The defendant then introduced the two resolutions of November 5, 1869, above set forth, and also gave evidence for the purpose of showing that previous notice of the holding of the election was published in a newspaper at Garnett only 24 days before the day of the election, and not 30 days. There was also evidence given in reply by the plaintiff to show that the county paid the interest on the bonds every year, down to that which fell due January 1, 1881; that in March, 1872, when the bonds were registered in the office of the auditor of the state, they belonged to the company, and that it afterwards sold them for full value to various parties. At the close of the evidence the court instructed the jury to find a verdict for the plaintiff; and the defendant excepted to such instruction.
Bergen, for plaintiff in error.
Wallace Pratt and Jeff. Brumback, for defendant in error.
[Argument of Counsel intentionally omitted]
Mr. Justice Blanchford delivered the opinion of the court. He recited the facts, as above stated, and continued:
It is not disputed that the recital, in the bond, that it was issued under the act of February 26, 1866, was an error. That act (Sess. Laws Kan. 1866, c. 24, p. 72) authorized county subscriptions to the stock of railroad companies, when authorized by a majority of the votes cast at a county election, if 20 days' notice of the election had first been given 'in some newspaper published and having general circulation in the county, or, in case there be no paper published in the county, then by written or printed notices posted up in each election precinct, twenty days previous to the day of such election;' and it authorized bonds of the county to be issued in payment for the stock. But it was repealed by the enactments of sections 1 and 2 of chapter 119 of the General Statutes of Kansas of 1868, pp. 1123, 1127, and for it were substituted sections 51, 52, and 53 of chapter 23 of such General Statutes of 1868, entitled 'An act concerning private corporations,' pp. 203, 204. Those sections authorized subscriptions by counties to the stock of railway companies created by Kansas, if the subscription was first assented to by a majority of the qualified voters of the county, at an election of which notice should be given 'at least sixty days before the holding of the same.' By the act of February 27, 1869, (Sess. Laws Kan. 1869, c. 29, p. 108,) sections 51, 52, and 53 of chapter 23 of the General Statutes of 1868 were repealed, and the following sections were substituted:
'Sec. 51. The board of county commissioners of any county, the city council of any city, or the trustees of any incorporated town, may subscribe for and take stock for such county, city, or town in, or loan the credit thereof to, any railway company duly organized under this or any other law of the state or territory of Kansas, upon such conditions as may be prescribed by the aforesaid county, city, or town authorities: provided, however, that a majority of the qualified voters of such county, city, or town, voting upon such question of subscribing and taking such stock, shall, at a regular or special election to be held therein, first assent to such subscription, and the terms and conditions prescribed as aforesaid, upon which the same shall be made: and provided, further, that when such assent shall have been given, to such subscription as aforesaid, it shall be the duty of the said county, city, or town authorities, as the case may be, to make such subscription.
'Sec. 52. A special election may be ordered by the county commissioner of any county, the city council of any city, or the corporate authorities of any town, at any time, for the purpose of ascertaining the sense of the voters of such county, city, or town, as contemplated in the preceding section.
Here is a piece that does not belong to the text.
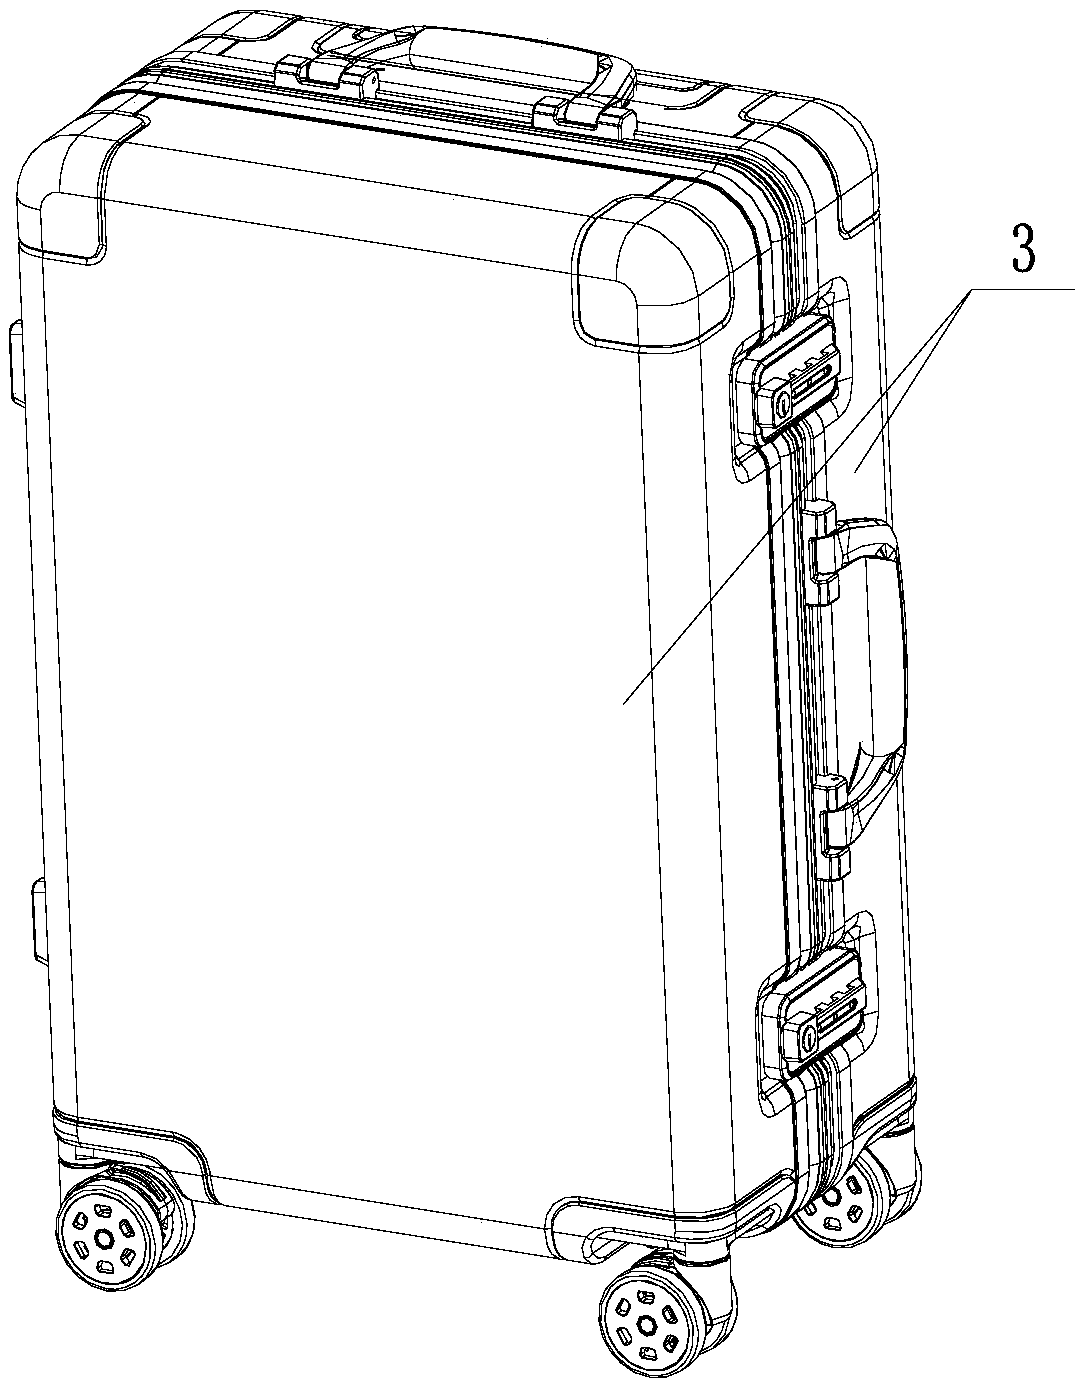 Case shell processing method and assembled case shell for rigid luggage
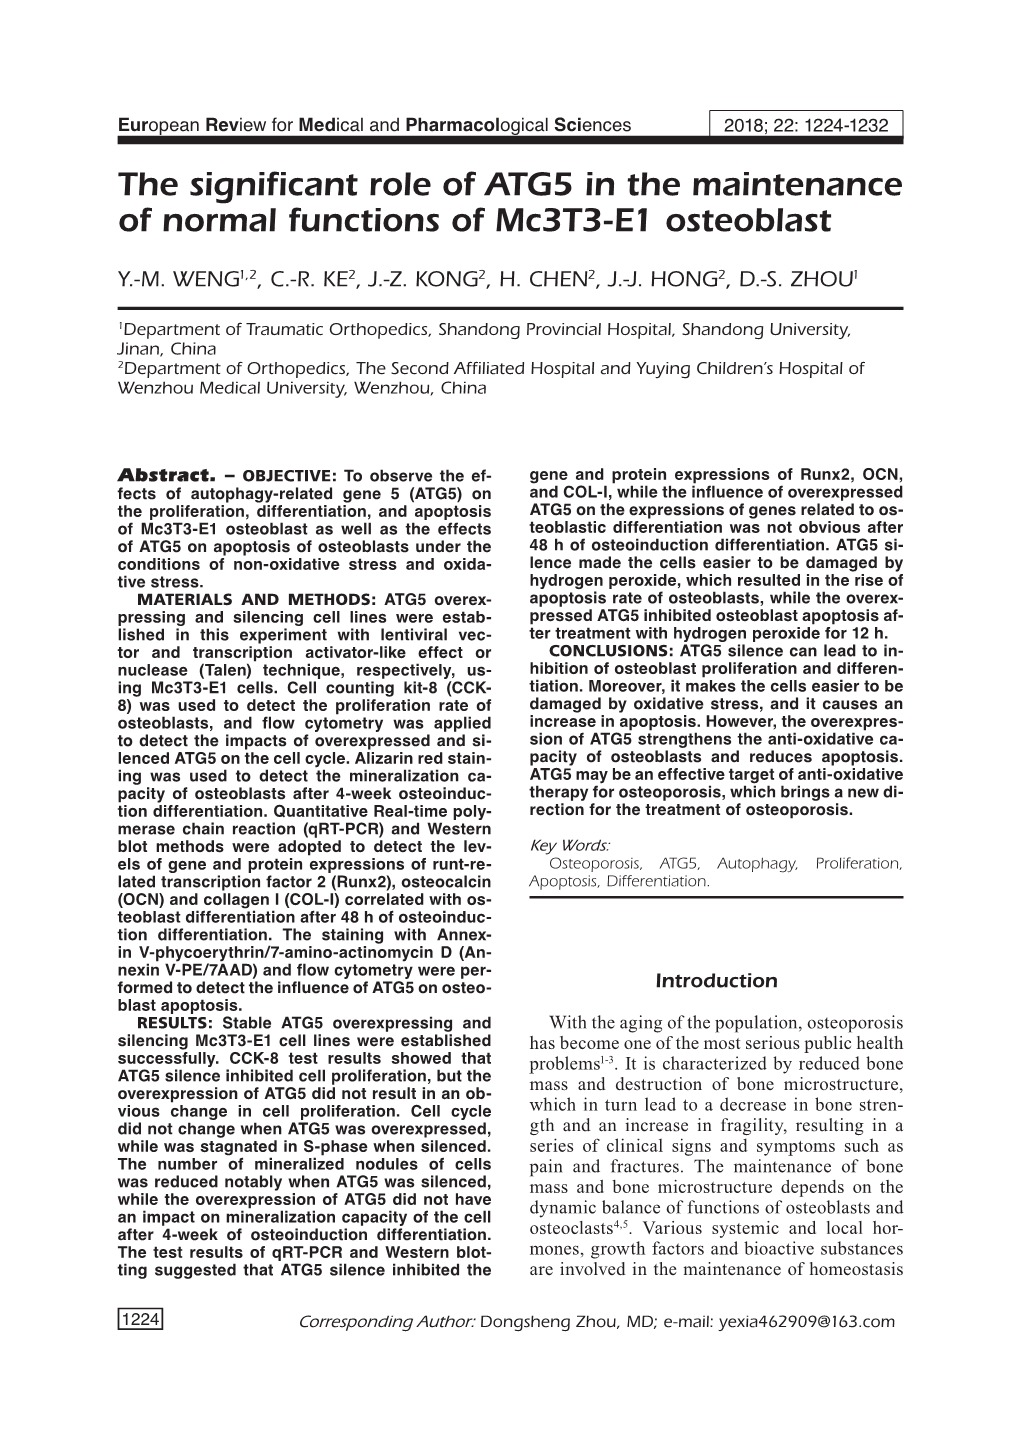 The Significant Role of ATG5 in the Maintenance of Normal Functions of Mc3t3-E1 Osteoblast

Notice of such election shall be given at least thirty days before the holding of the same, and the question or questions to be submitted thereat shall be set forth in such notice.
'Sec. 53. Upon the making of such subscription, such county, city, or town shall thereupon become, like other subscribers to such stock, entitled to the privileges granted, and subject to the same liabilities imposed by this act, or by the charter of the company in which such stock is taken, except as the same shall be varied and limited by the terms and conditions upon which the said subscriptions shall have been authorized and made. And it shall be the duty of the board of county commissioners, or city council, or trustees of the town, making such subscription as aforesaid, to pay for the same, and the stock thereby agreed to be taken by such county, city, or town, by issuing to the company entitled thereto, the bonds of such county, city, or town, at par, payable at a time to be fixed, not exceeding thirty years from the date thereof, bearing interest at the rate of seven per cent. per annum, and with interest coupons attached.'
It is very clear that there was legislative authority, under the act of 1869, for the issuing of the bonds in question. There was an election, and the requisite majority of those who voted assented to the proposition for the subscription to the stock and the issue of the bonds, and the subscription was made by the proper officers, and they issued the bonds, and when it was certified to them that the road was completed to Garnett they authorized the bonds to be delivered to the company, and the bonds were delivered in payment for the subscription and for the stock agreed to be taken. The only question made is as to the notice of the election.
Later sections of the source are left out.